Have Holly Holm and Jon Jones helped to convince you that you can achieve that goal?

“Absolutely, they’re not just telling me that because I’m Claressa Shields, a great boxer, but they’re saying that off of my work ethic. I think after my first week of training, they were all like: ‘Claressa, you’re a workaholic, you’re special, and you’re going to have a great future in MMA, as long as you keep training as hard as you train’.

“Just hearing that was like, alright, at least I know that I can do the training because that’s something I was worrying about too – can I even do all this training, can I do kickboxing and mixed martial arts? 

“Wrestling, Jiu Jitsu, can I even practice all those things, and can my body adjust to it? That was a concern I had. But ever since I went to the Jackson Wink gym it’s been all going so smooth and all worked out.”

How much are you looking forward to getting back to MMA after your upcoming boxing match in March?

“I can’t wait to get back in the MMA gym. The PFL have announced their lightweight division for the PFL league, and even though I’m trying so hard to not think about MMA, I had to look up every last one of them girls’ names.

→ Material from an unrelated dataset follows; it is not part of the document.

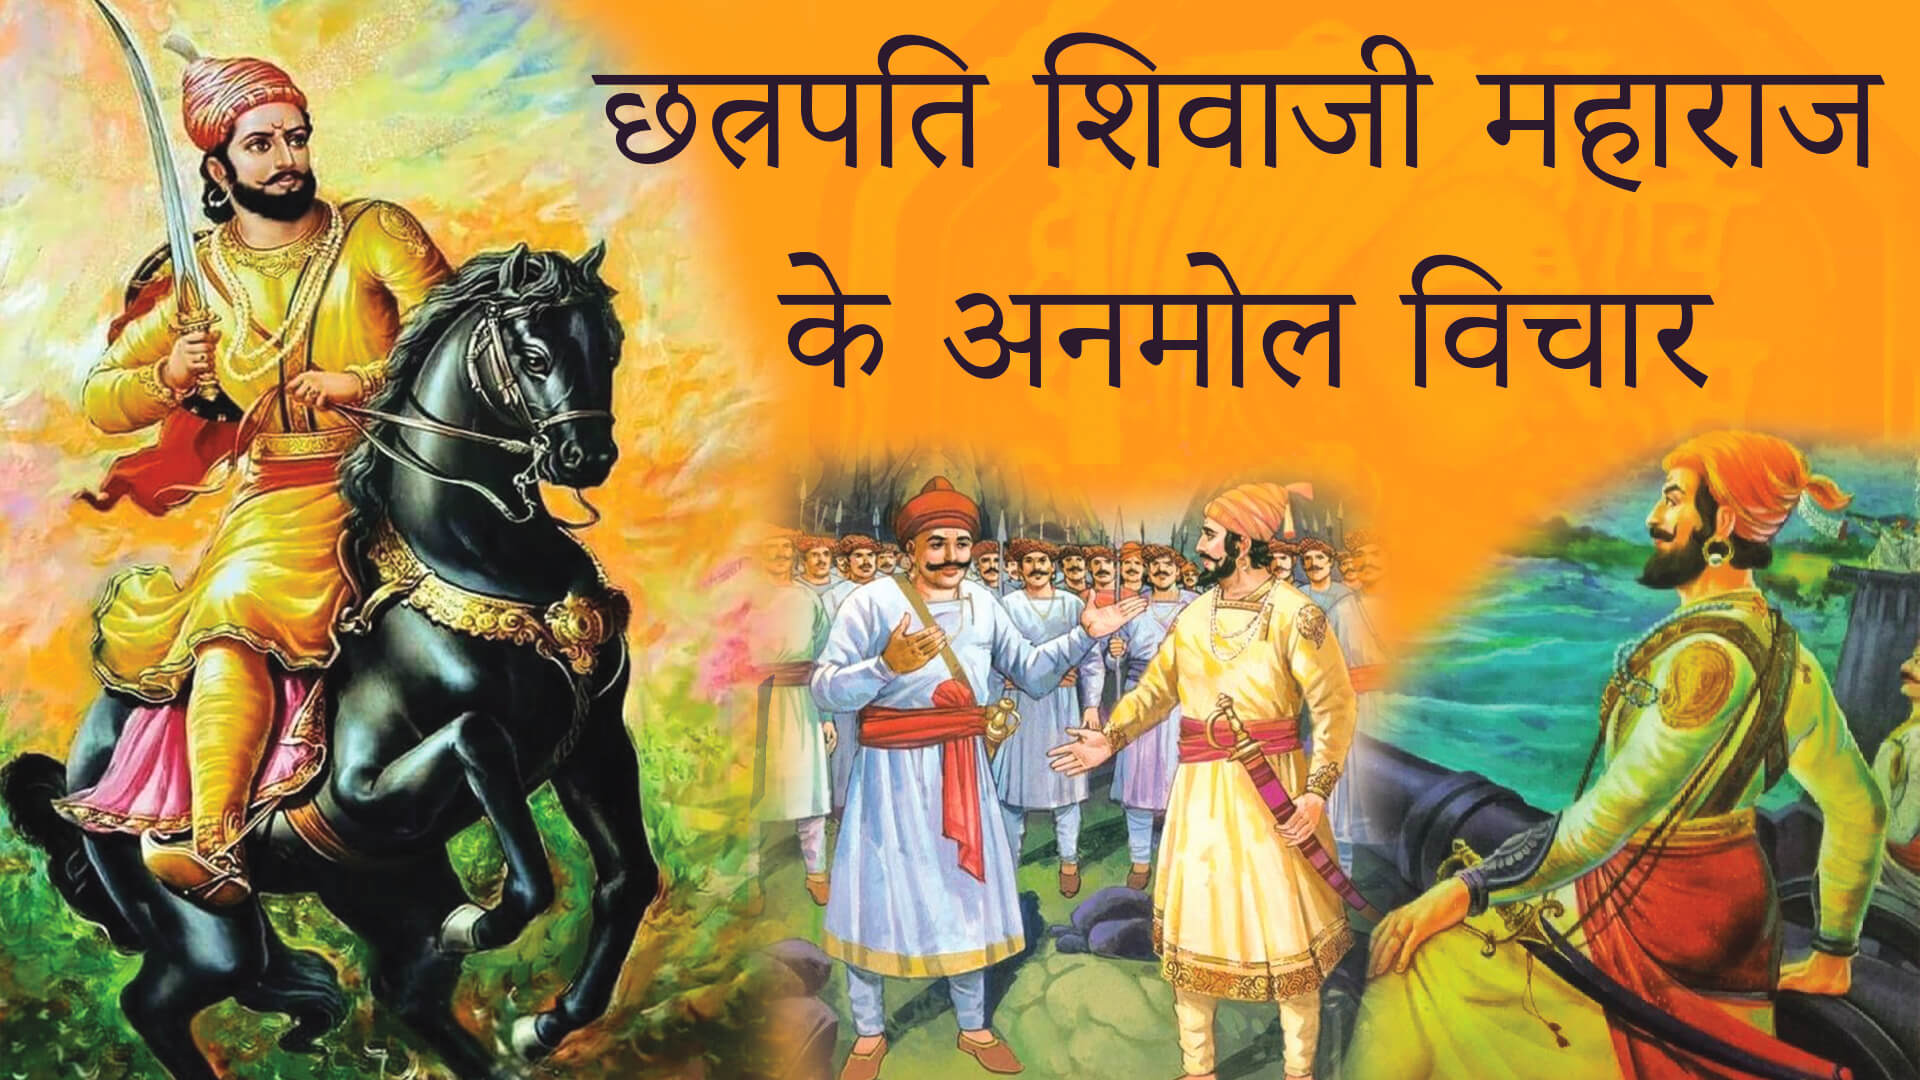 You are currently viewing 15 + Chhatrapati Shivaji Maharaj Quotes In Hindi – छत्रपति शिवाजी महाराज के अनमोल विचार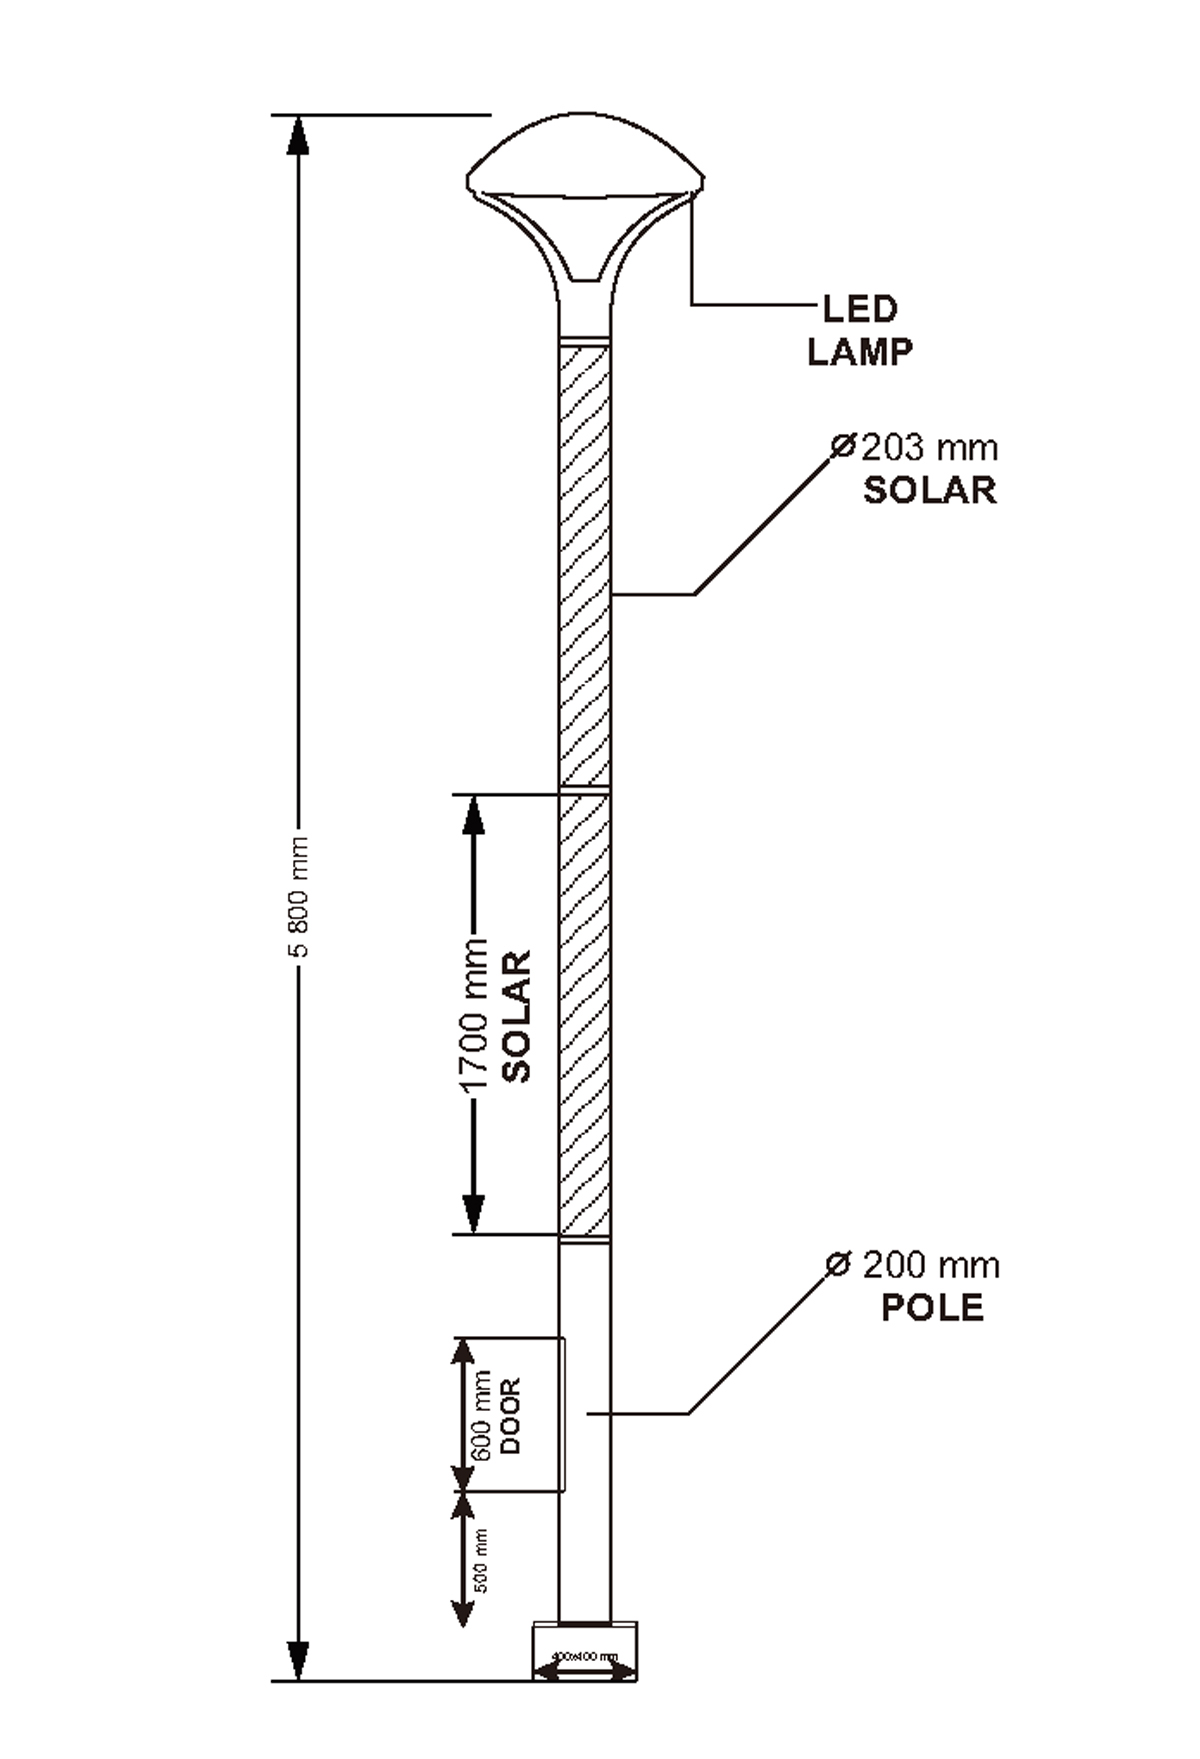 Solar-Smart-Pole-CAD

“I had to. It just didn’t sit right with me not to. I had to look these girls up, I had to know who is in the tournament, what their record, what their background is and I did a whole little background check on the list.

“Two boxing matches and two MMA fights, that’s what it is looking like. I just know I have my first MMA fight in the middle of June. We might find out who my opponent is around the same time as you find out I don’t know who the opponent is going to be, I should find out soon.”